Most "talk to your PDF" examples solve the easy half of the problem: embed a few chunks, paste the top match into a prompt, ship. The hard half — knowing when to retrieve, when to call the web, when to query a real database, when to walk a page in a headless browser, and when to just answer — almost never shows up in the demo.

RunaxAI is built around that hard half. Documents are still the anchor, but they sit alongside a tool planner, a router, four specialised agents, and an adaptive retrieval pipeline that changes shape depending on how much you've uploaded.

Rendering diagram...

This post is a tour of what's actually in the box.

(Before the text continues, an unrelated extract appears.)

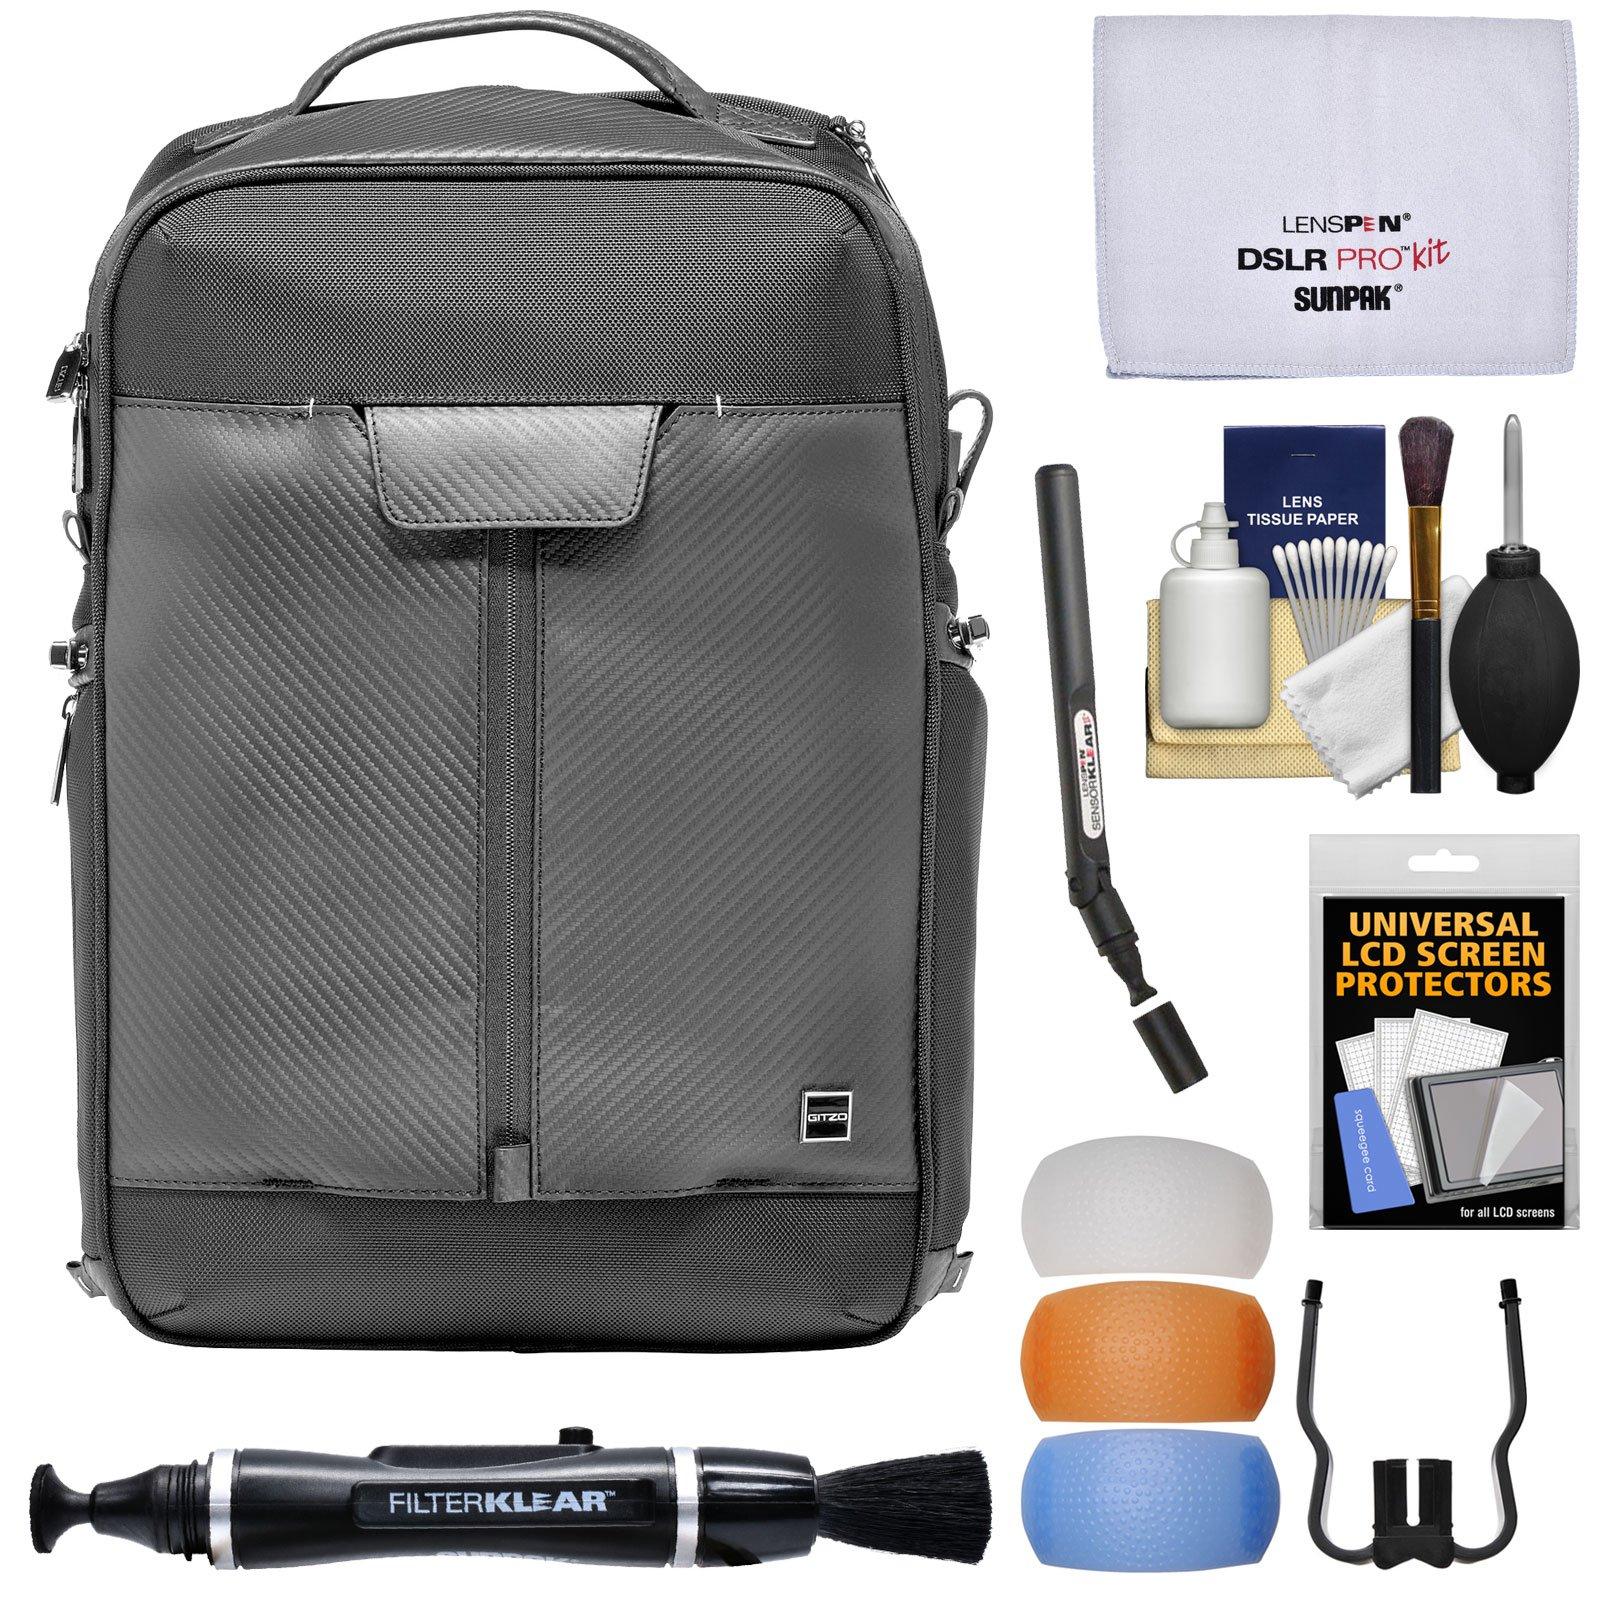 Gitzo Century Traveler Digital SLR Camera Backpack with Flash Diffuser Set + Lens & Sensor Cleaning Pens + Kit by Gitzo (Image #1)

Two chat modes, deliberately

There are two front doors into RunaxAI and they behave differently on purpose.

General chat is the orchestrator with full tool access. You can ask it to search the web, run SQL against a live PostgreSQL database, browse a page in a real browser, search a local knowledge base, or look something up in your portfolio. The loop in api/chat.py keeps cycling — call the model, plan tools, execute, append results, call the model again — until the model returns text or hits a budget.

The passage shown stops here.